The nut-and-bolt restoration included completely refinishing the Studebaker-sourced chassis and suspension components in gloss black, while the suspension was rebuilt to include new shocks and custom-made red spring gaiters. The brakes were also rebuilt and fitted with fresh pads and shoes. Additionally, a new ignition system was fitted, the fuel system renewed, and the original radiator re-cored and plumbed with all new lines. The engine is well-detailed, and topped with a set of authentic Excalibur SS valve covers.
Repainted in gleaming, sinister black, the Excalibur was carefully reassembled, and a fresh red leather interior and black Stayfast top were installed. Paint quality is superb with high-quality detailing, fit, and finish. The cockpit features an engine-turned alloy instrument panel housing an array of period-correct gauges, switches, and an original Motorola Radio that you may or may not stand a chance of hearing once the 350-hp 327 is on-song. Finishing it all off is a set of chrome Dayton wire wheels shod with BF Goodrich Silvertown red line radial tires.

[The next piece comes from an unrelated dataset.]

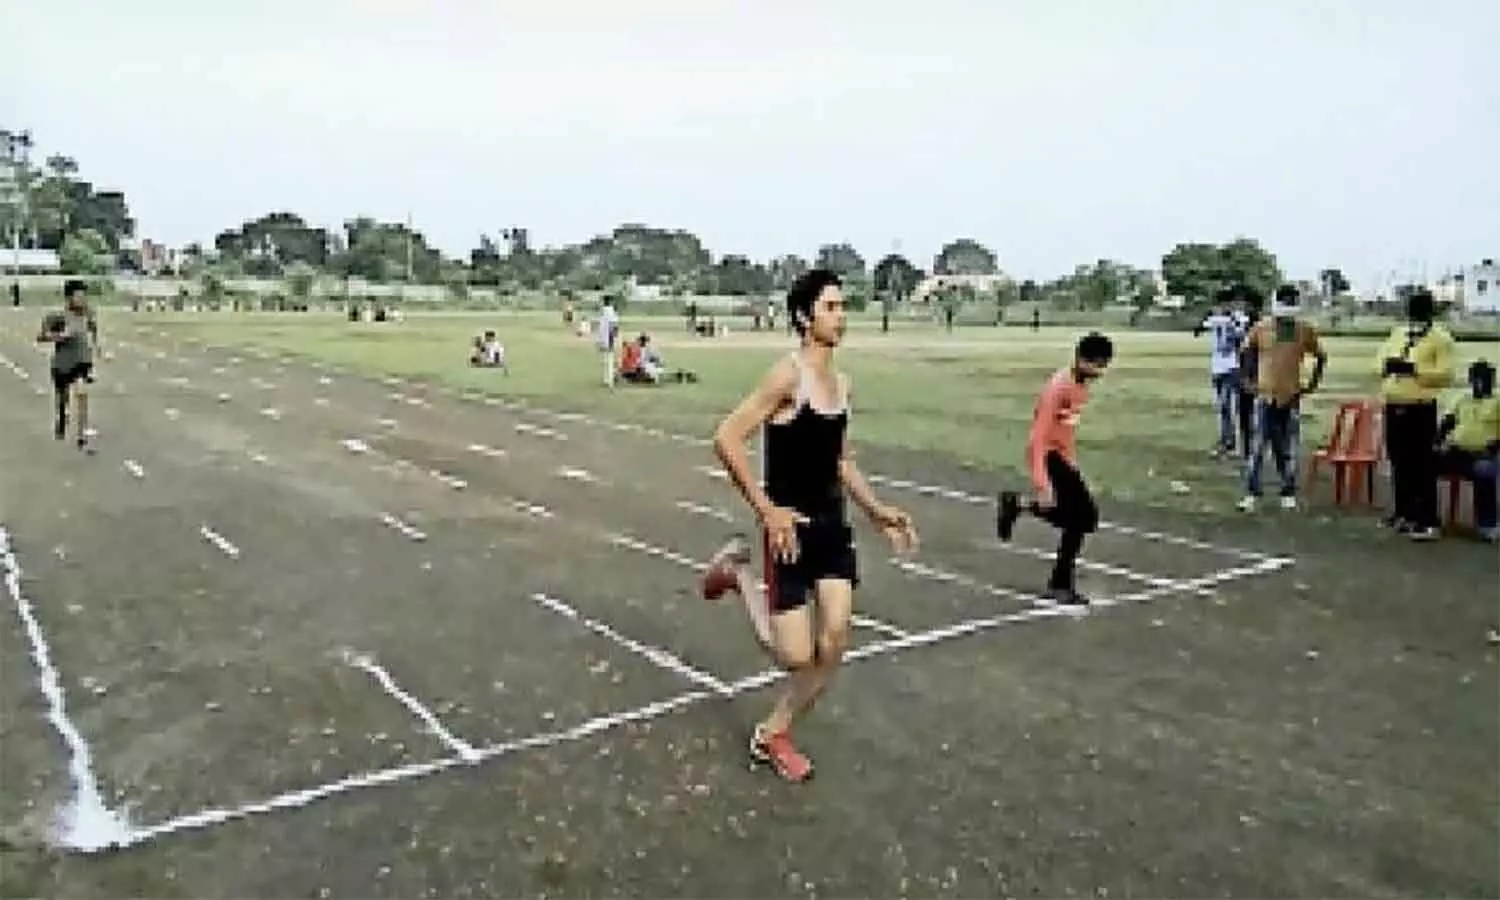 रीवा जिले के छात्र एमपी के पहले खेलकूद स्कूल में ले सकते हैं प्रवेश, यह दिखानी होगी दक्षता

Excalibur SS roadsters are undoubtedly rare, and those treated with this level of care and attention to detail are virtually unheard-of. Since its restoration, this early “no door” Excalibur SS has been stored in a climate-controlled Texas garage and occasionally displayed. Once you’ve seen and driven this thrilling SS Series 1, you’ll find that it has far more in common with lairy elemental sports cars like an Allard J2 or Kurtis 500S than with its later—and more lavish—Excalibur siblings.